Sets the status for an image member.
*(Since Image API v2.1)*

This call allows an image member to change his or her *member status*.

When an image is shared with you, you have immediate access to the image.  What
updating your member status on the image does for you is that it affects
whether the image will appear in your image list response.

- When an image is shared with you, your member_status is ``pending``.  You
  won't see the image unless you go looking for it, either by making a show
  image detail request using the image's ID, or by making an image list call
  specifically looking for a shared image in member status ``pending``.  This
  way, other users cannot "spam" your image list with images you may not want
  to see.

- If you want to see a particular shared image in your image list, then you
  must use this call to change your member status on the image to ``accepted``.
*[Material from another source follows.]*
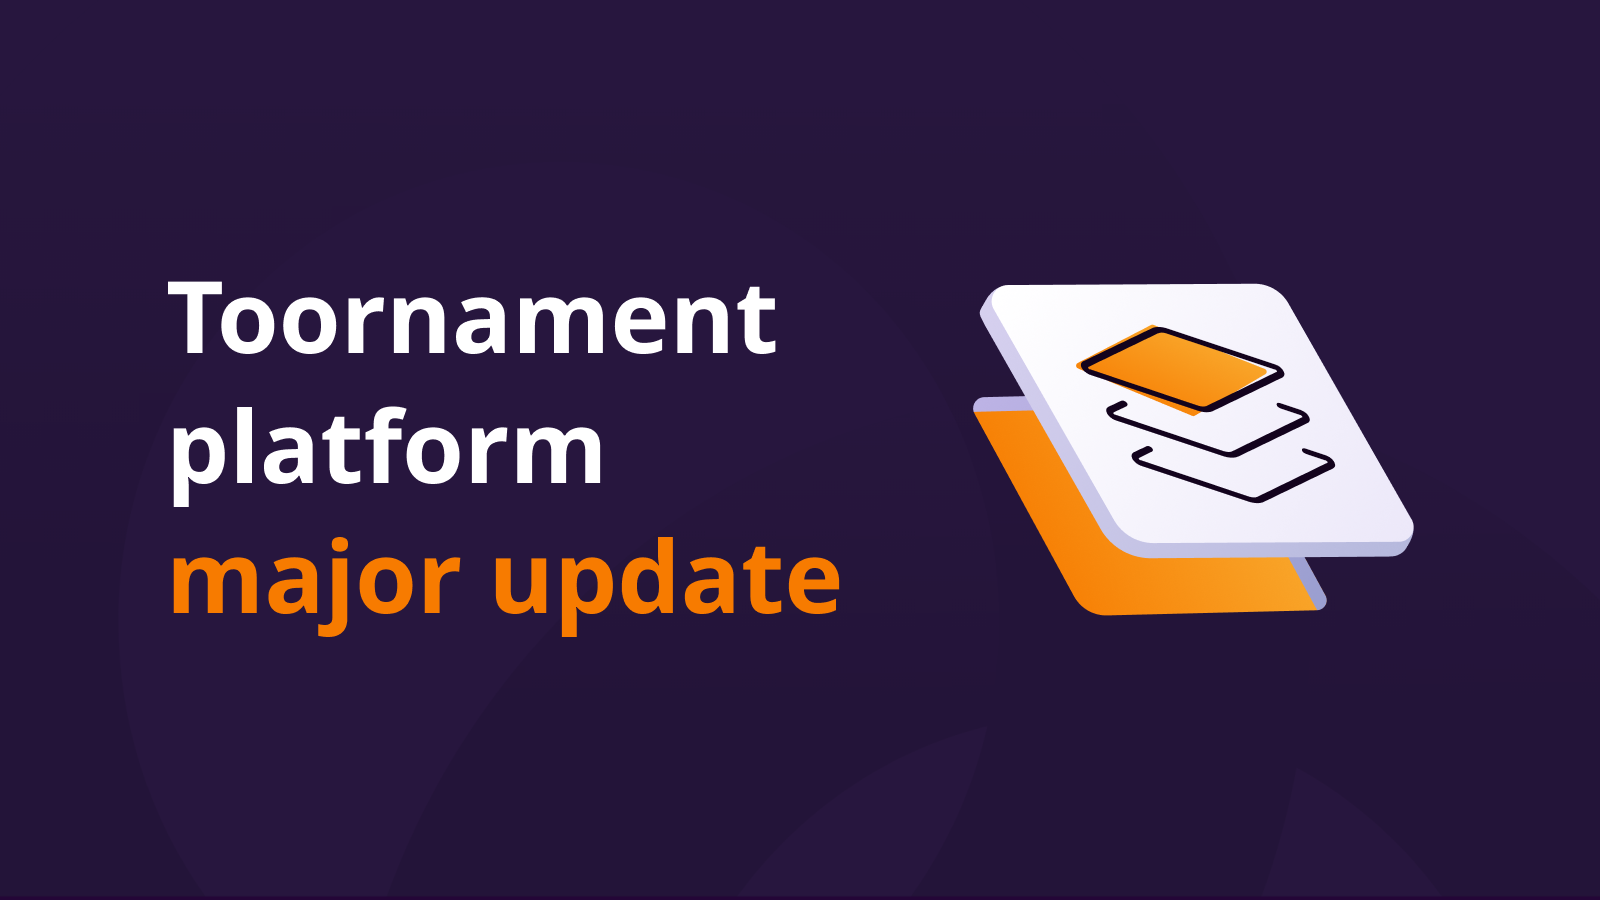 Major update of the Toornament Platform

- The image owner can see what your member status is on an image, but the owner
  *cannot* change the status.  Only you (or an administrator) can do that.

- There are three member status values: ``pending``, ``accepted``, and
  ``rejected``.  The ``pending`` and ``rejected`` statuses are functionally
  identical.  The difference is that ``pending`` indicates to the owner that
  you haven't updated the image, so perhaps you aren't aware that it's been
  shared with you.  The ``rejected`` status indicates that you are aware that
  the image exists and you specifically decided that you don't want to see it
  in your image list response.

For a more detailed discussion of image sharing, please consult `Image API v2
Sharing`_.

Preconditions

- The image must exist.

- The image must have a ``visibility`` value of ``shared``.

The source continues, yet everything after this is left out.